Appearances and goals by national team and year
| National team | Year | Apps | Goals |
| Brazil | 1959 | 2 | 3 |
| 1960 | 4 | 6 |
| 1961 | 2 | 1 |
| 1963 | 5 | 4 |
| Total |  | 13 | 14 |

Scores and results list Brazil's goal tally first, score column indicates score after each Quarentinha goal.

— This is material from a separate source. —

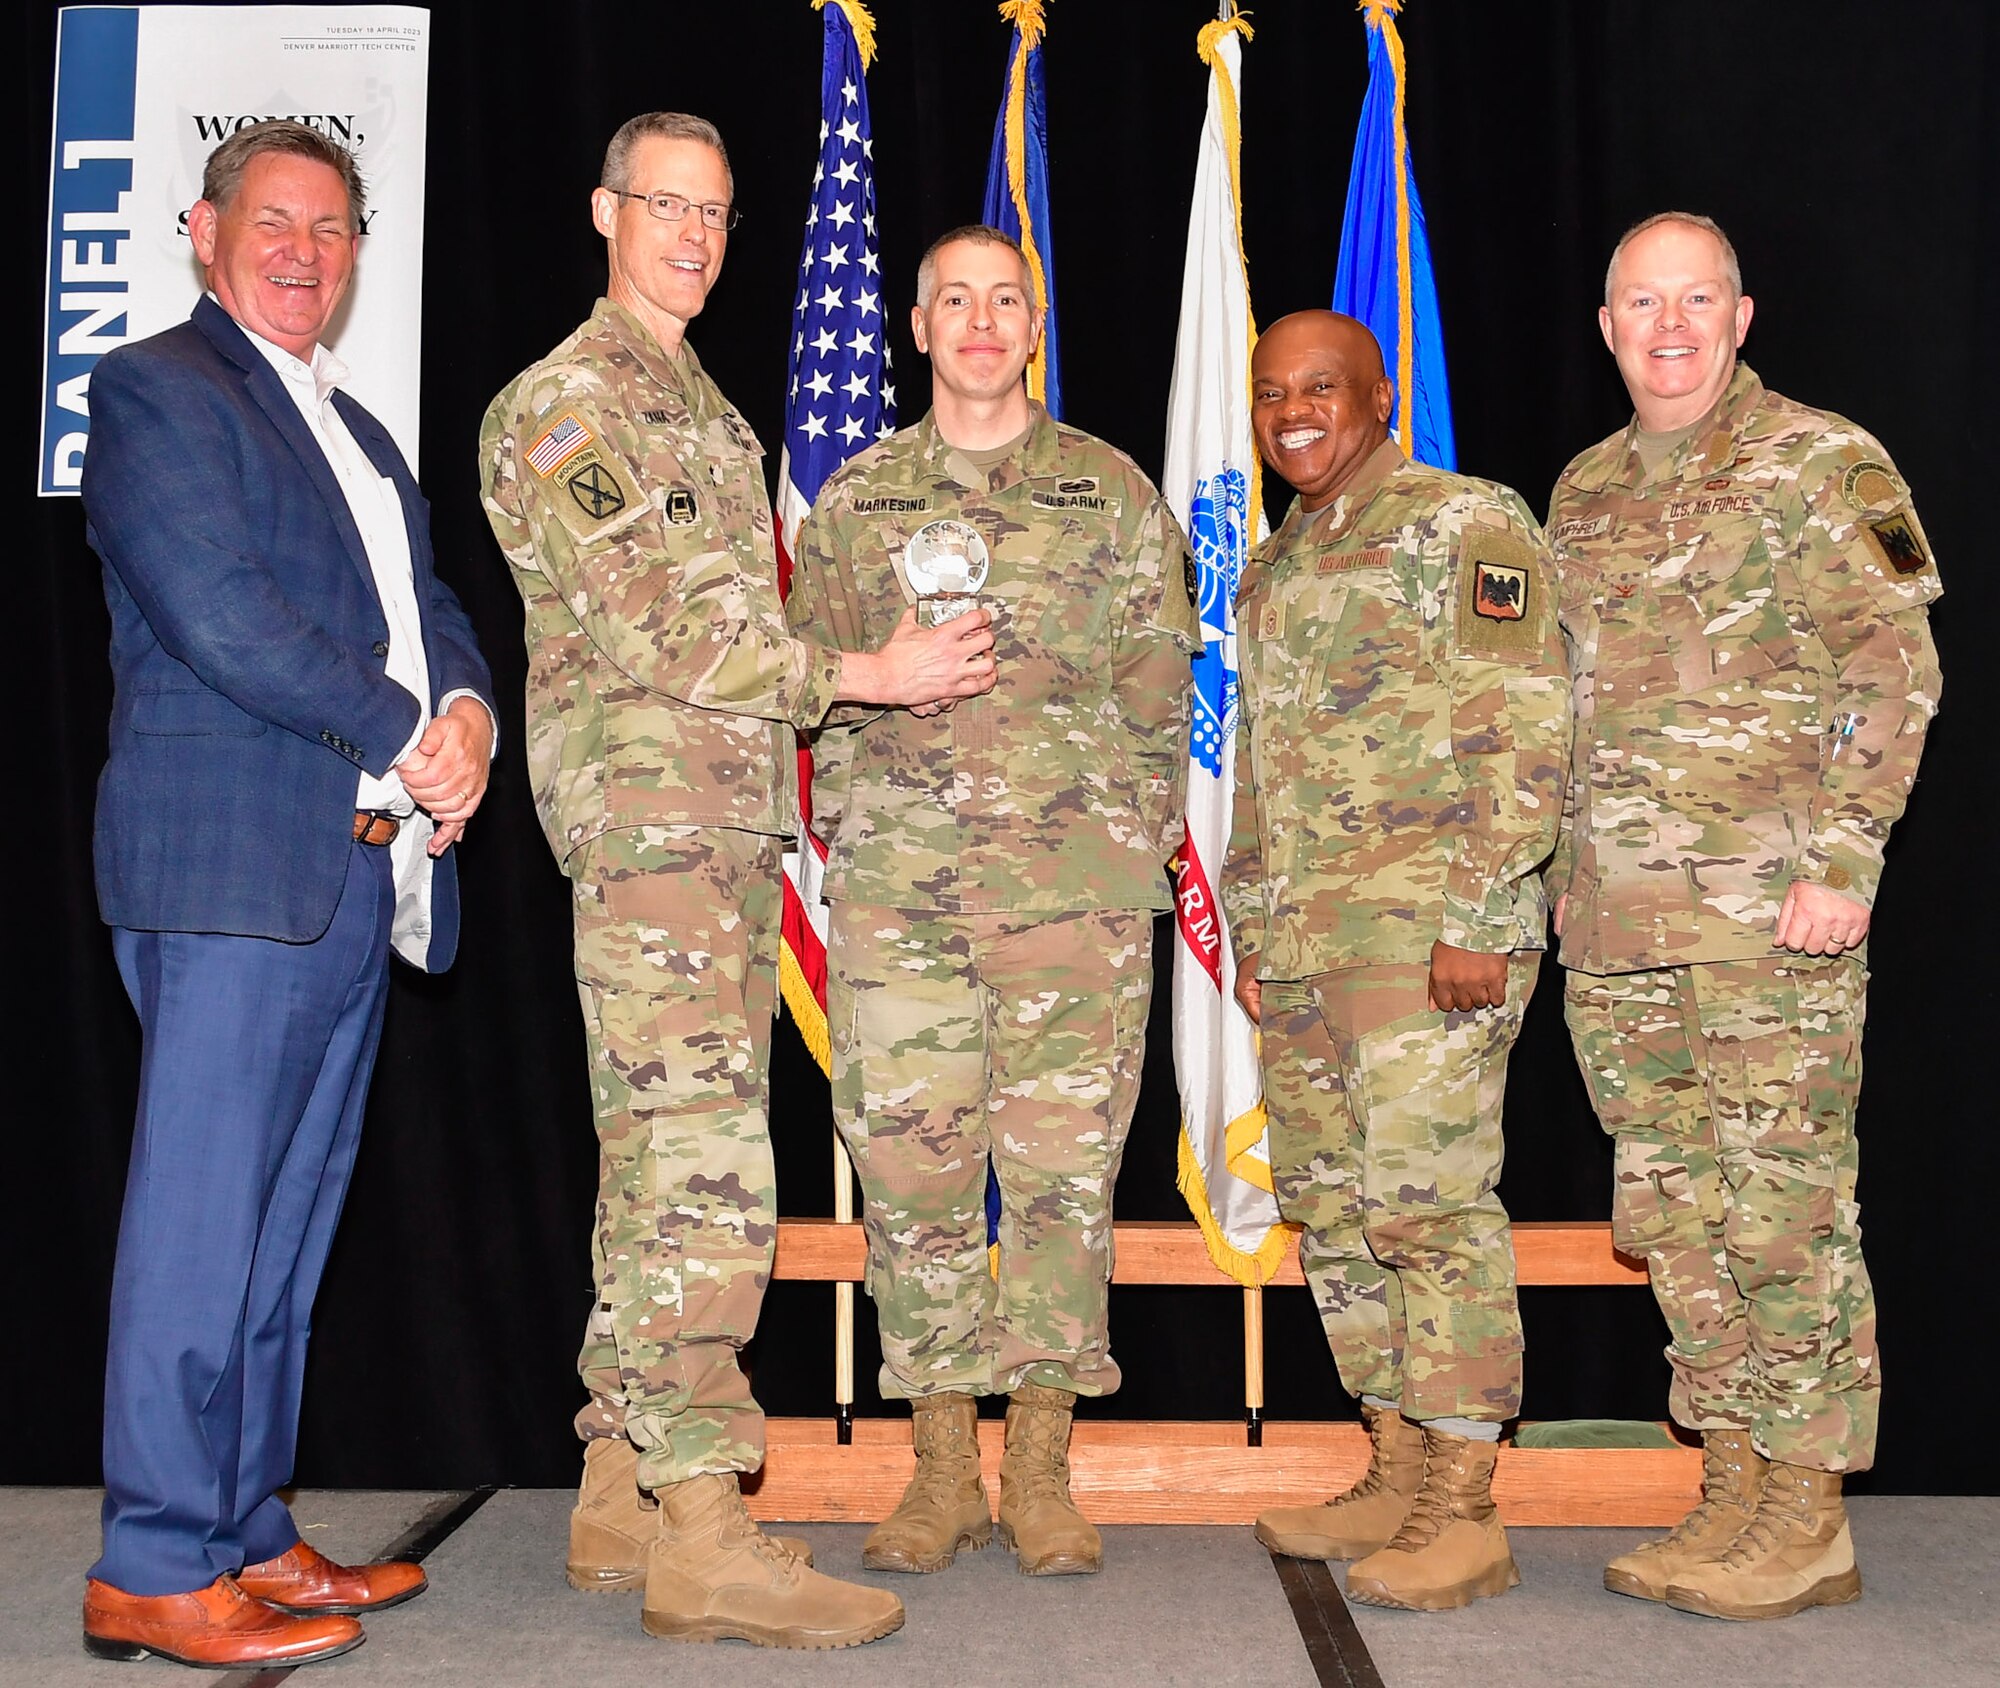 Left to right, Ambassador Dennis Hankins, foreign policy advisor to the National Guard Bureau; Maj. Gen. William Zana, director of Strategic Plans and Policy and International Affairs for NGB; Lt. Col. Christopher Markesino from the Oregon National Guard; Senior Enlisted Advisor Tony Whitehead, SEA to the chief, National Guard Bureau; and Col. Scott Humphrey, chief of the National Guard Bureau International Affairs Division, during an awards presentation at the annual State Partnership Program conference April 20, 2023.

List of international goals scored by Quarentinha
| No. | Date | Venue | Opponent | Score | Result | Competition |
| 1 | 17 September 1959 | Maracanã Stadium, Rio de Janeiro, Brazil | Chile | 5–0 | 7–0 | Friendly |
| 2 | 6–0 |
| 3 | 20 September 1959 | Pacaembu Stadium, São Paulo, Brazil | Chile | 1–0 | 1–0 |
| 4 | 29 April 1960 | Cairo International Stadium, Cairo, Egypt | United Arab Republic | 1–0 | 5–0 |
| 5 | 5–0 |
| 6 | 6 May 1960 | Cairo International Stadium, Cairo, Egypt | United Arab Republic | 1–0 | 3–0 |
| 7 | 3–0 |
| 8 | 10 May 1960 | Parken Stadium, Copenhagen, Denmark | Denmark | 1–1 | 3–4 |
| 9 | 2–3 |
| 10 | 3 May 1961 | Estadio Defensores del Chaco, Asunción, Paraguay | Paraguay | 3–2 | 3–2 |
| 11 | 24 April 1963 | King Baudouin Stadium, Brussels, Belgium | Belgium | 1–5 | 1–5 |
| 12 | 17 May 1963 | Cairo International Stadium, Cairo, Egypt | United Arab Republic | 1–0 | 1–0 |
| 13 | 19 May 1963 | Ramat Gan Stadium, Tel Aviv District, Israel | Israel | 2–0 | 5–0 |
| 14 | 3–0 |

==Personal life==

Quarentinha is son of the also footballer Quarenta, which gave him this nickname.